I put my coat on the rack. I trode into the kitchen, and opened the fridge. There were... a full loaf of bread, a jar of pickles, and some tonic, surely paired by my dad with gin. I took some pickles, and crunched on them, feeling the coldness of it burn my teeth, the sourness tease my tounge. I opened some curtains. Make it look like someone lives here. I used to. My parents used to. I think.

I took the trash out, even though nothing except some plastic cups were in it. Out back, in the alley, is where John Daley first kissed me. I smiled. That was when I was on a school break. I guess it was kinda wierd to the kids on the block to have me be gone, get tall, narrow, muscular.

Some were fascinated by my "Dedication", Iike moths are just begging to know if fire is edible, they tried to corrispond with me during the year.
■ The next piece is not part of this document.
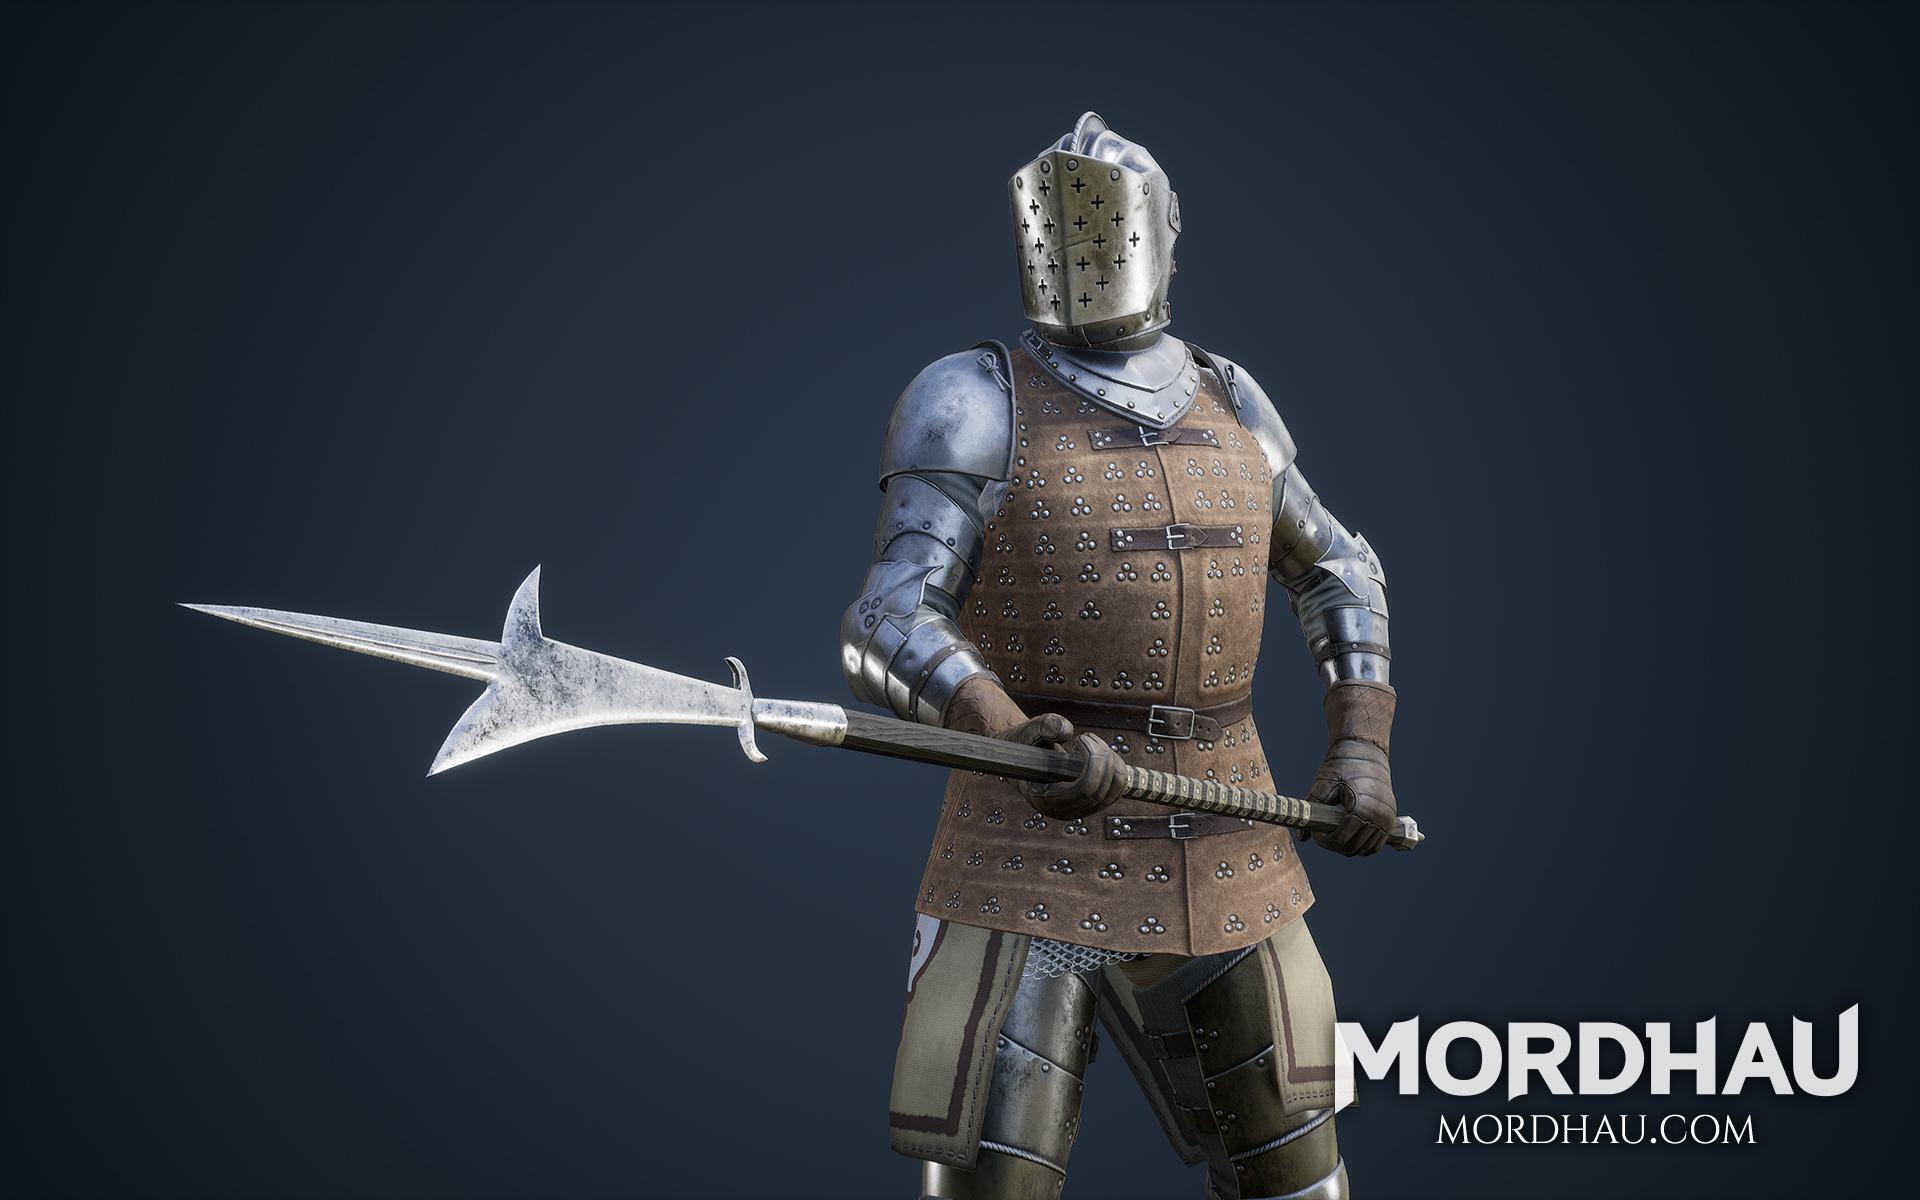 You will ba able to play your Lawdaddy in Mordhau

John was one. He was pretty cute. I wonder if he still is... then I remembered the undread messsages, wieghing down my pocket like a rock. 

I walked inside, choosing to ignore them. I went upstairs, feeling the abandonedness of the floral wallpaper screaming at me, begging me to stay with it, asking why everyone leaves it. I feel like telling it that this hasn't been my home since I was ten. That they can blame my parents for that. But then I'd be talking to wallpaper. I finally walked into my cringingly white room. The white bed, made as if from a 5 star hotel. The white dresser, who's sole obect to bear was a vase full of wilting white roses. The empty white closet. The small white rug, and flowy white curtains. The only color radiating from this room was the so-pale-it's-practically-off-white pink walls, and the deep dark brown floorboards. I threw my bag on the bed, and flung the curtains open, revealing the street, so full of life and color, and decided I couldn't, just can't, deal with this anymore.

I ran to grab my coat, flung it on. I ran out the front door, and the pouring rain attacking my hair with heavyness, as if to show it, it show me, you can't escape everything.